SOURCE MATERIAL:
________________________
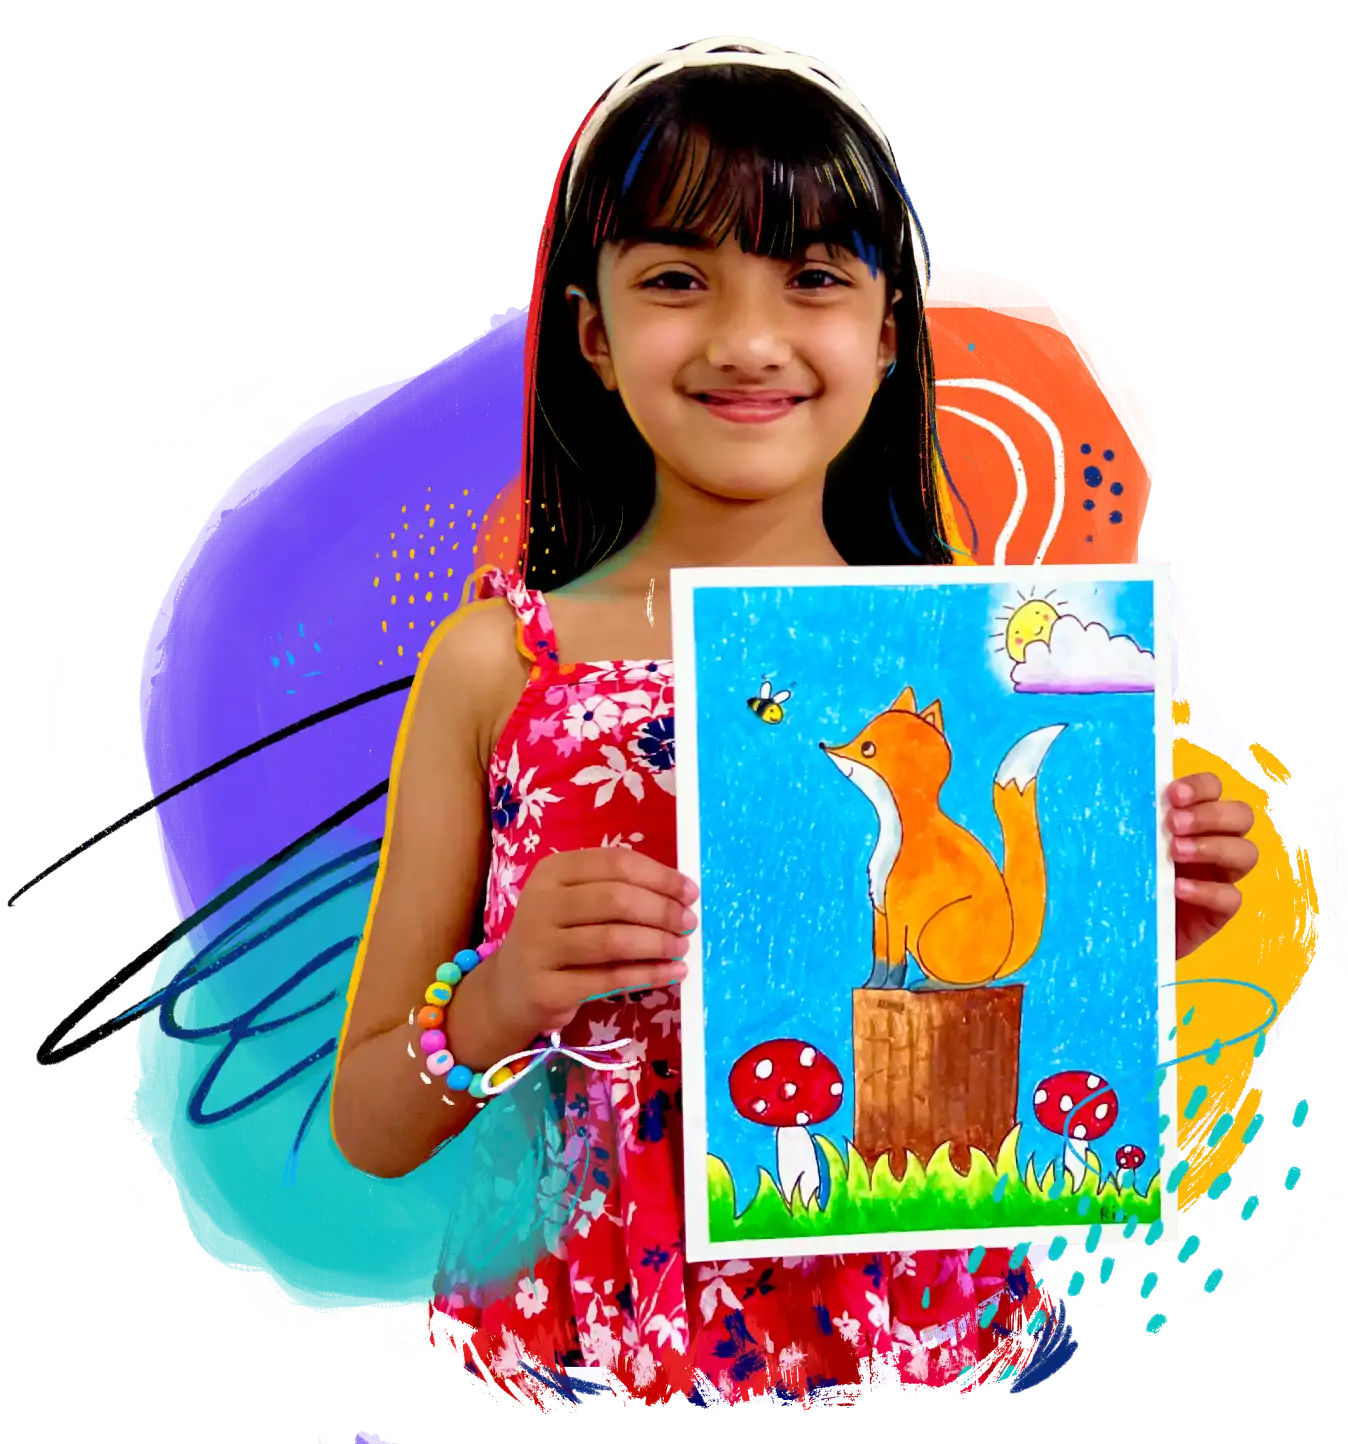 Painting For Kids Classes Online
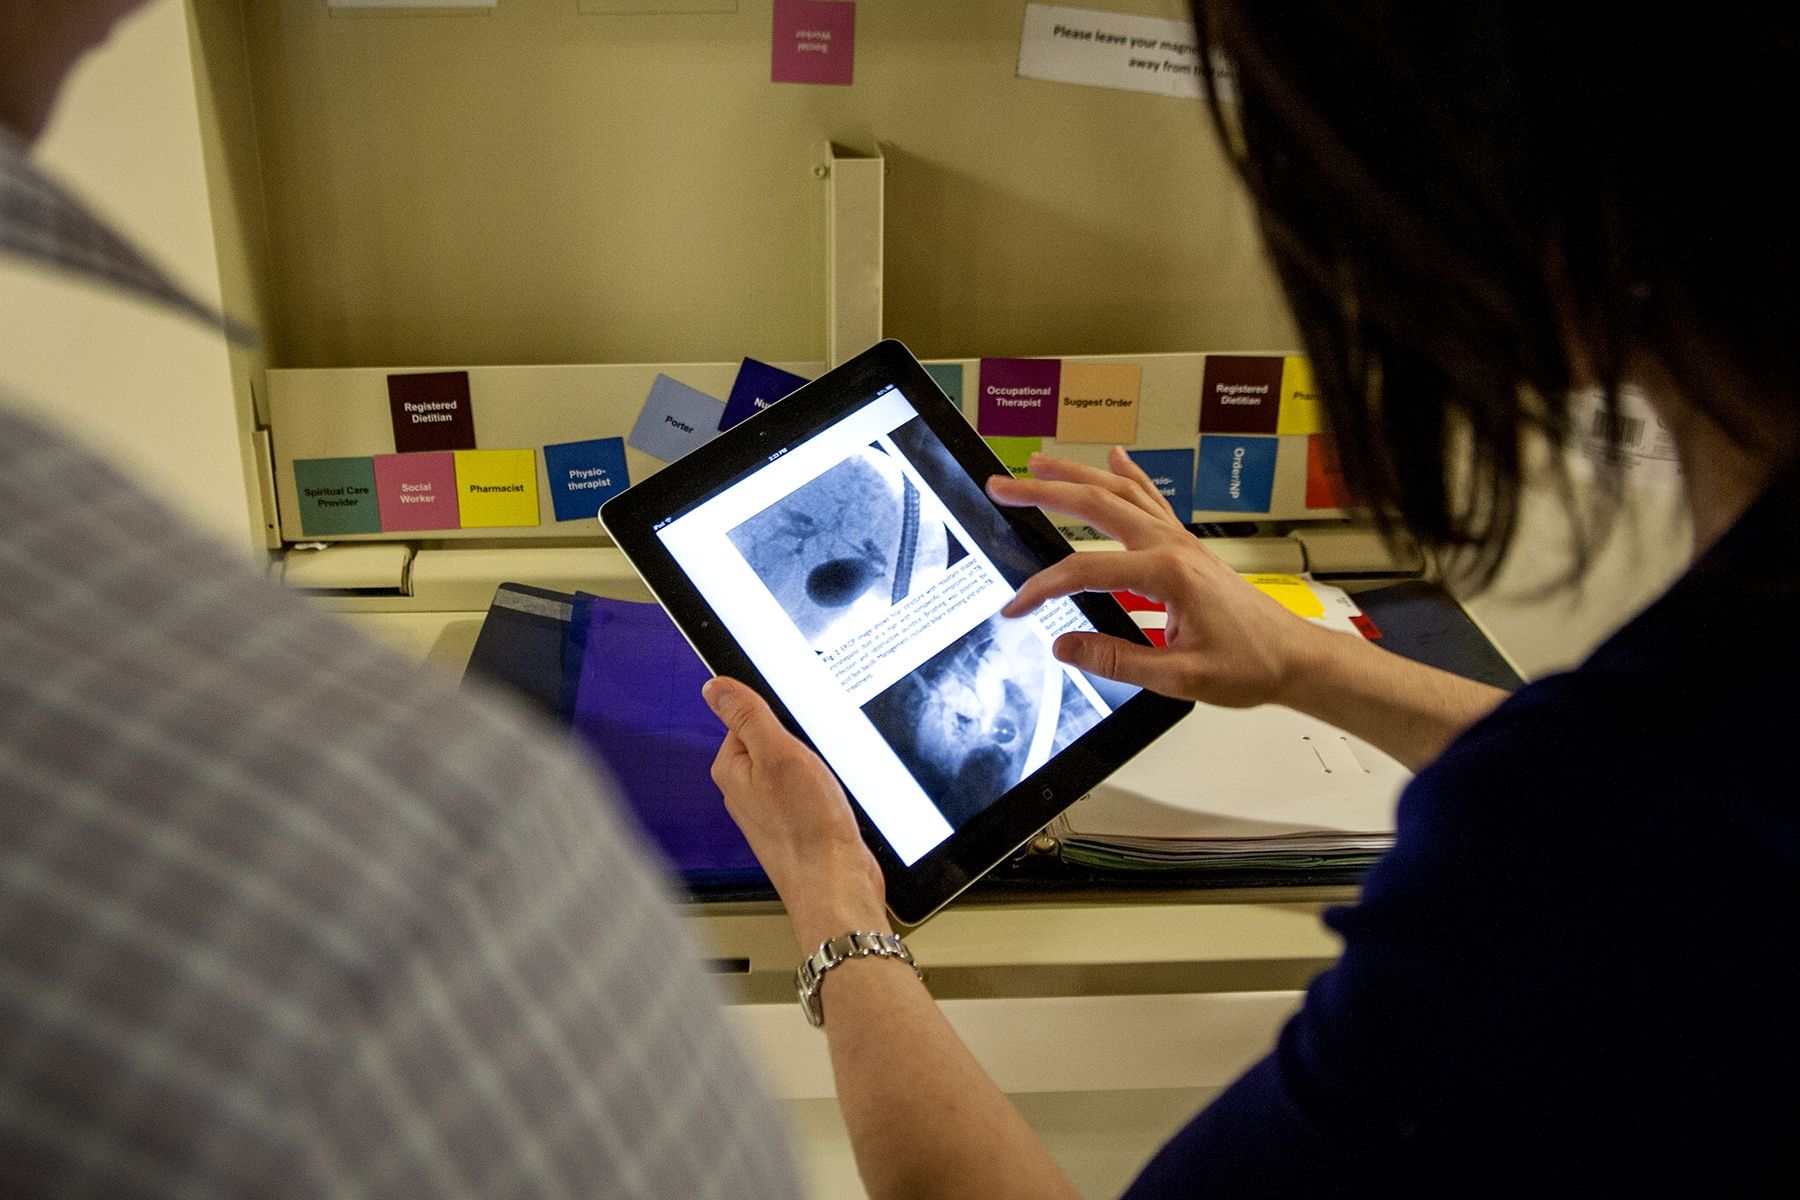 Dr. Catherine Barry uses her new iPad to review imaging files for patients on one of the units at KGH.
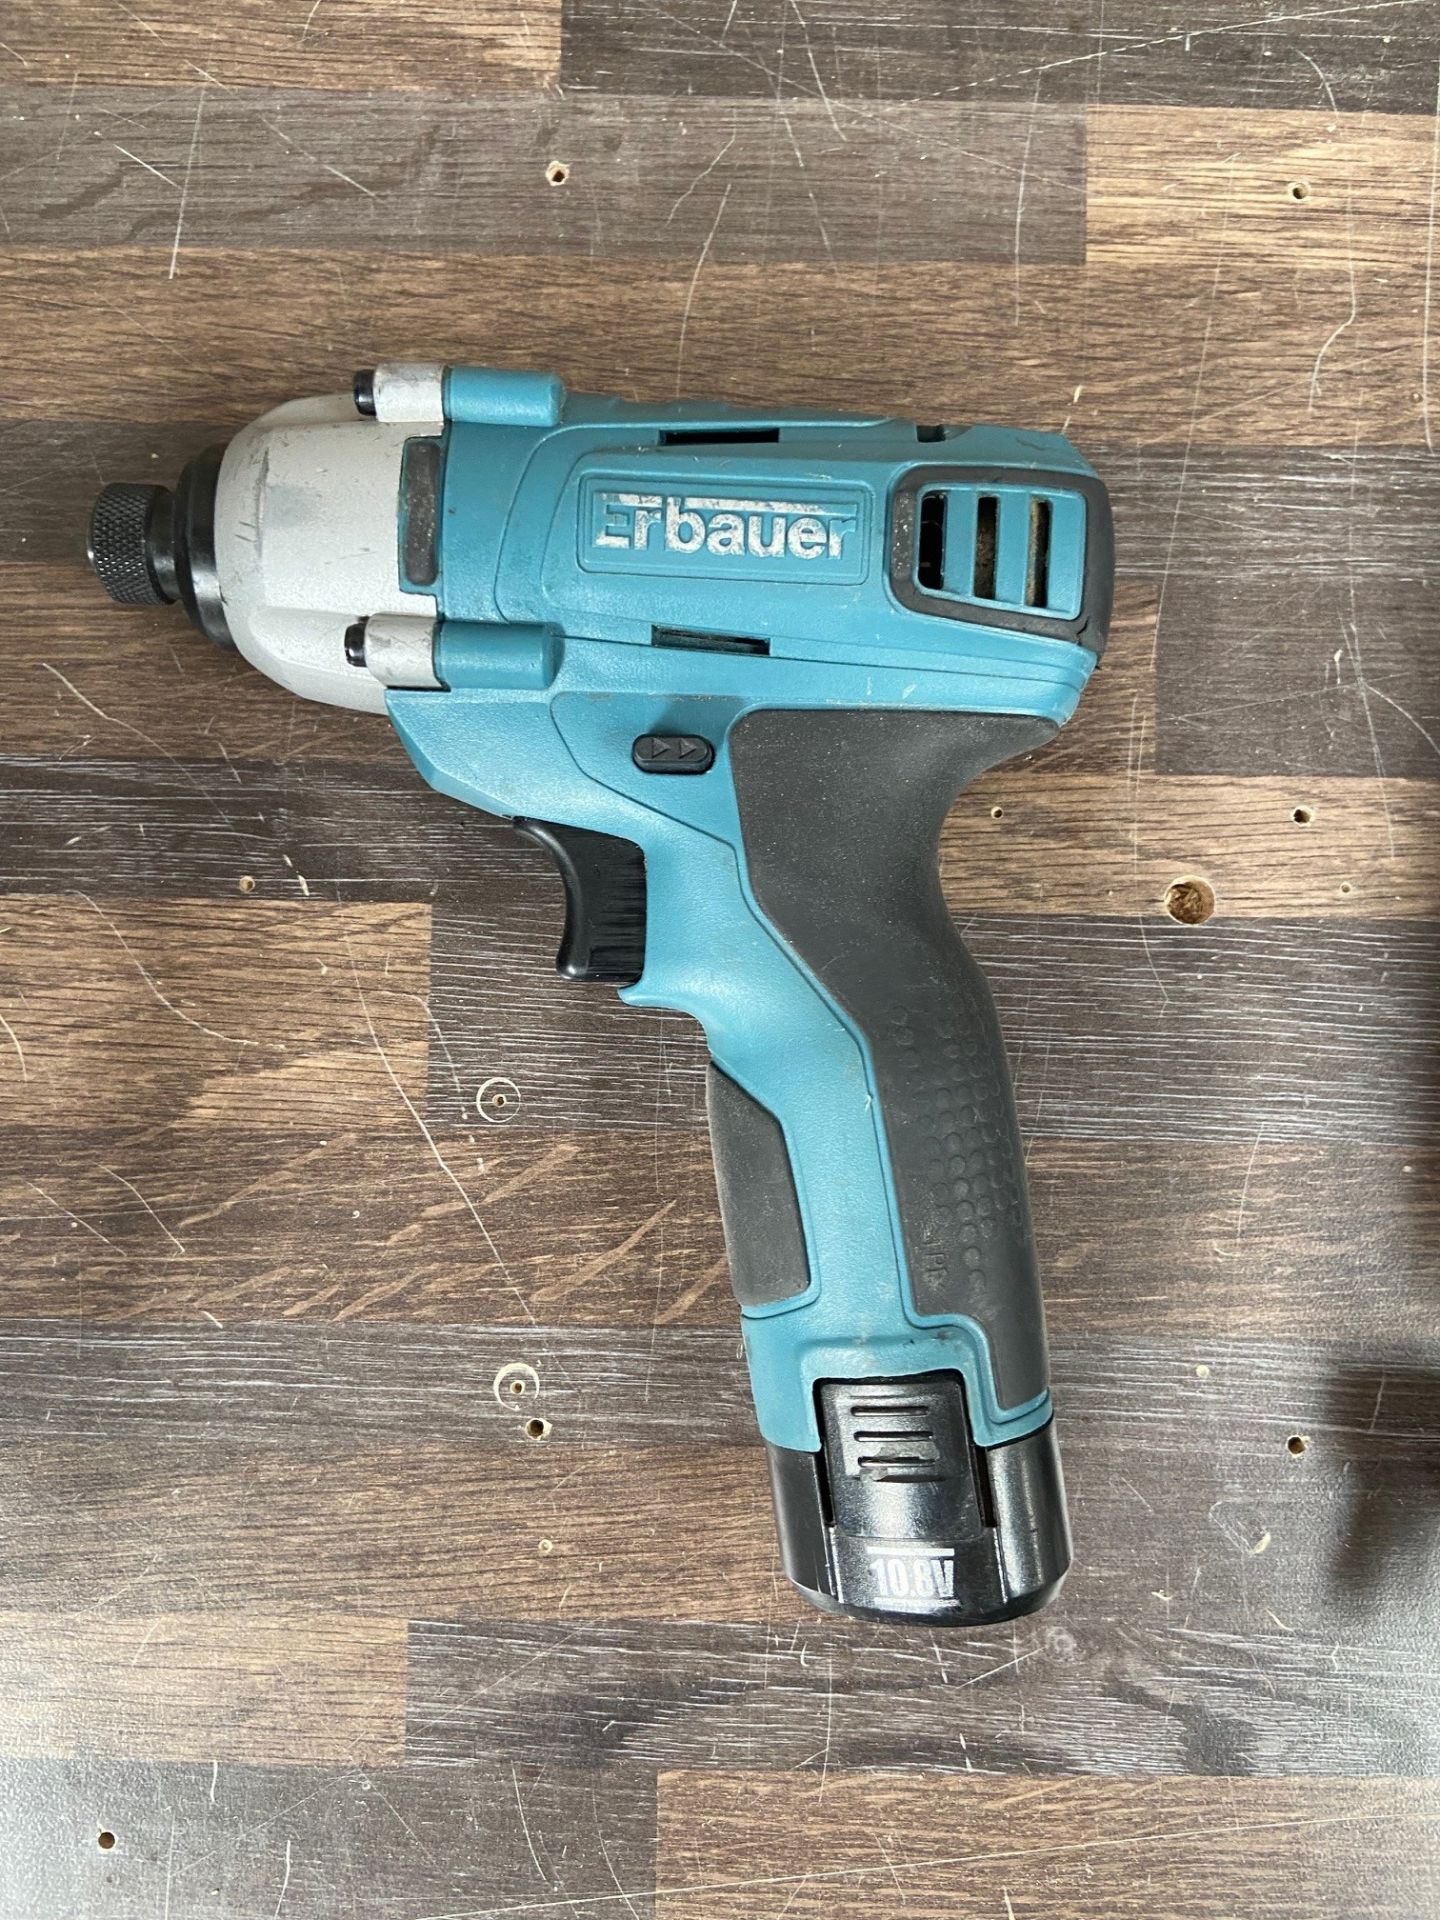 4 x Erbauer power tools, Erbauer drill driver, Erbauer EDD18-Li-2 Drill &2 x Erbauer Impact driver - Image 5 of 5
________________________
TASK DIRECTIONS: Set down the material above exactly as it reads, but not its pictures.

SOLVED PROBLEM:
 Painting For Kids Classes Online
 Dr. Catherine Barry uses her new iPad to review imaging files for patients on one of the units at KGH.
 4 x Erbauer power tools, Erbauer drill driver, Erbauer EDD18-Li-2 Drill &2 x Erbauer Impact driver - Image 5 of 5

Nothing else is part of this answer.